虽然基于注意力的方法在增强图像融合和解决远程特征依赖带来的挑战方面取得了相当大的进展，但由于缺乏多样化的感受野提取技术，它们在捕获局部特征方面的效果受到影响。为了克服现有融合方法在提取多尺度局部特征和保留全局特征方面的不足，本文提出了一种基于多尺度卷积神经网络（MATCNN）的跨模态图像融合方法。MATCNN采用多尺度融合模块（MSFM）提取不同尺度的局部特征，采用全局特征提取模块（GFEM）提取全局特征。两者的结合减少了细节特征的丢失，提高了全局特征表示的能力。同时，利用信息掩模对图像中的相关细节进行标记，以提高融合图像中红外图像中重要信息的保留比例和可见光图像中背景纹理的保留比例。随后，开发了一种新的优化算法，利用掩码通过整合内容、结构相似指数（SSIM）测量和全局特征损失来指导特征提取。在不同的数据集上进行了定量和定性评估，表明MATCNN有效地突出了红外显著目标，保留了可见光图像中的附加细节，并且对跨模态图像取得了更好的融合结果。MATCNN的代码将在https://github.com/zhang3849/MATCNN.git上提供。

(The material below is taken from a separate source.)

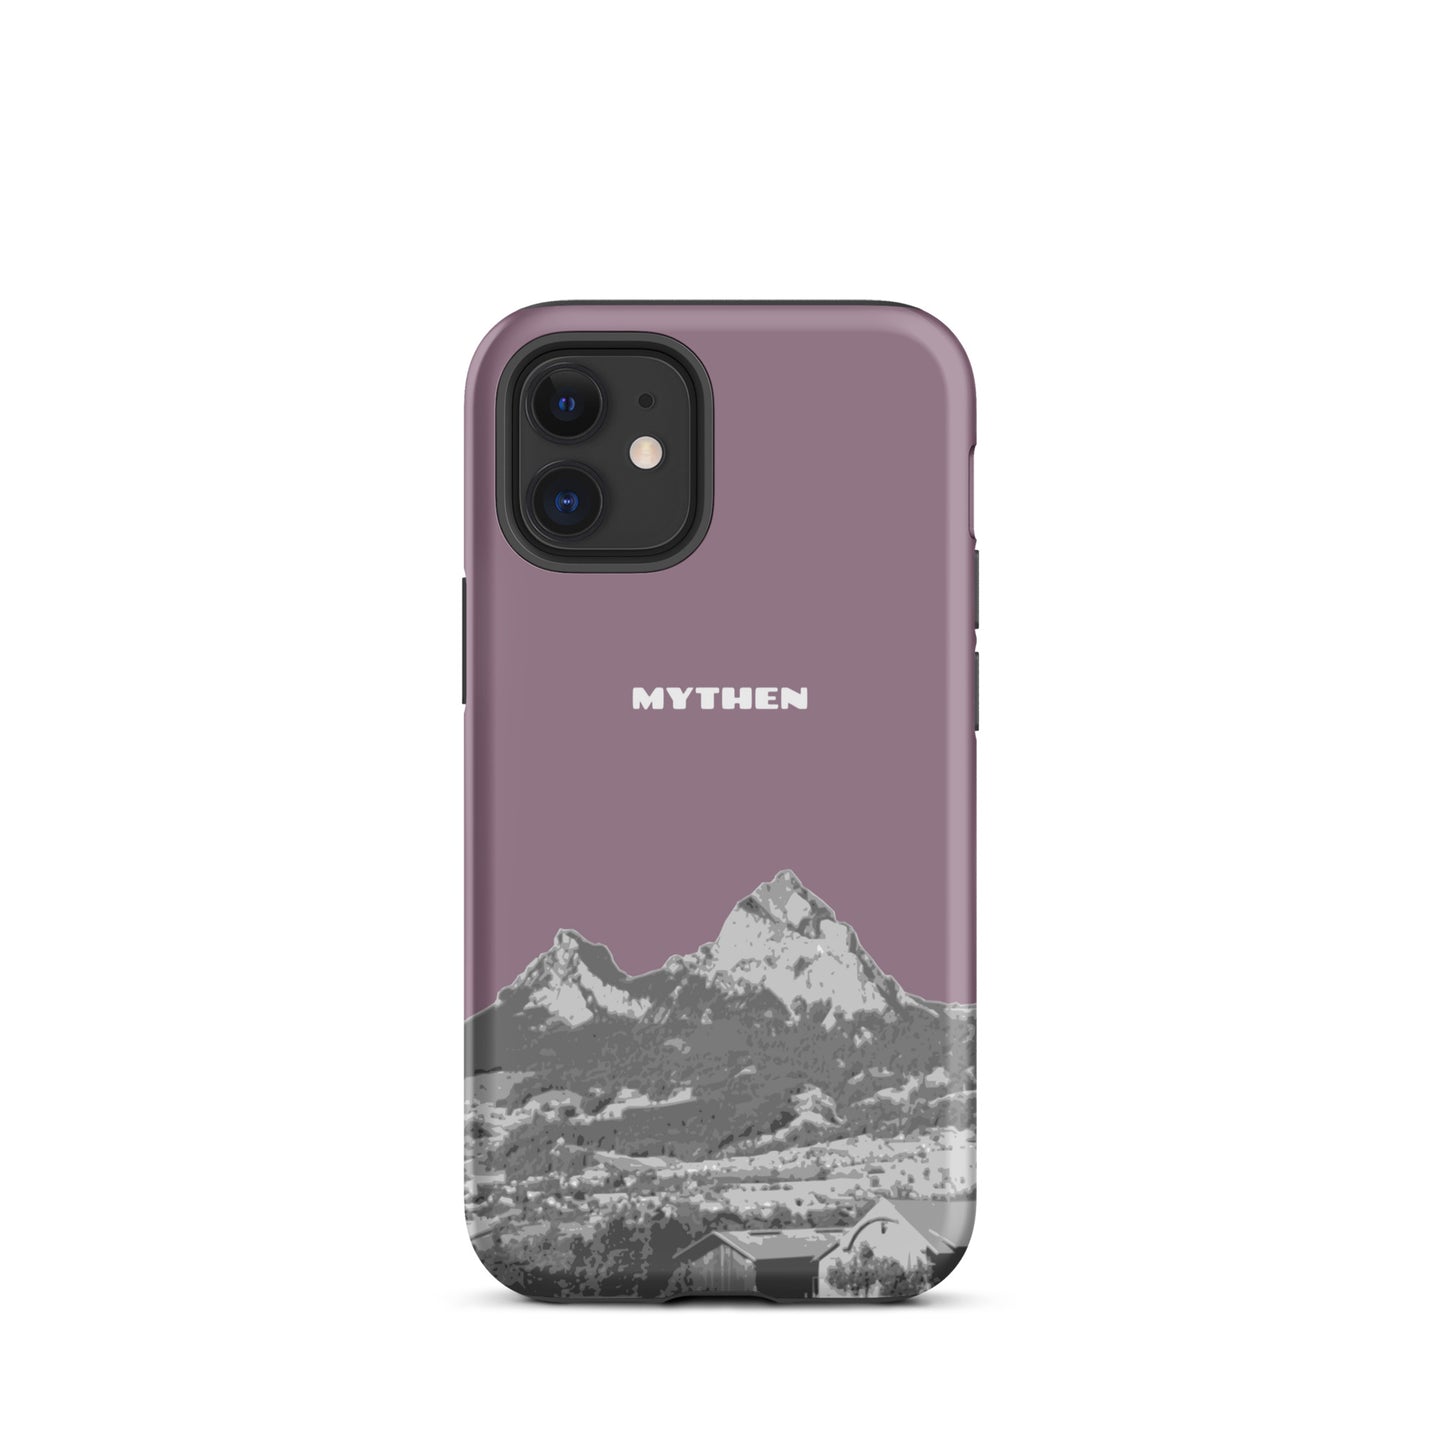 Hülle für das iPhone 12 mini von Apple in der Farbe Pastellviolett, die den Grossen Mythen und den Kleinen Mythen bei Schwyz zeigt.

本文章由计算机程序翻译，如有差异，请以英文原文为准。

求助全文

约1分钟内获得全文求助全文

来源期刊

IEEE Transactions on Instrumentation and Measurement 工程技术-工程：电子与电气

CiteScore

9.00

自引率

23.20%

发文量

1294

审稿时长

3.9 months

期刊介绍： Papers are sought that address innovative solutions to the development and use of electrical and electronic instruments and equipment to measure, monitor and/or record physical phenomena for the purpose of advancing measurement science, methods, functionality and applications. The scope of these papers may encompass: (1) theory, methodology, and practice of measurement; (2) design, development and evaluation of instrumentation and measurement systems and components used in generating, acquiring, conditioning and processing signals; (3) analysis, representation, display, and preservation of the information obtained from a set of measurements; and (4) scientific and technical support to establishment and maintenance of technical standards in the field of Instrumentation and Measurement.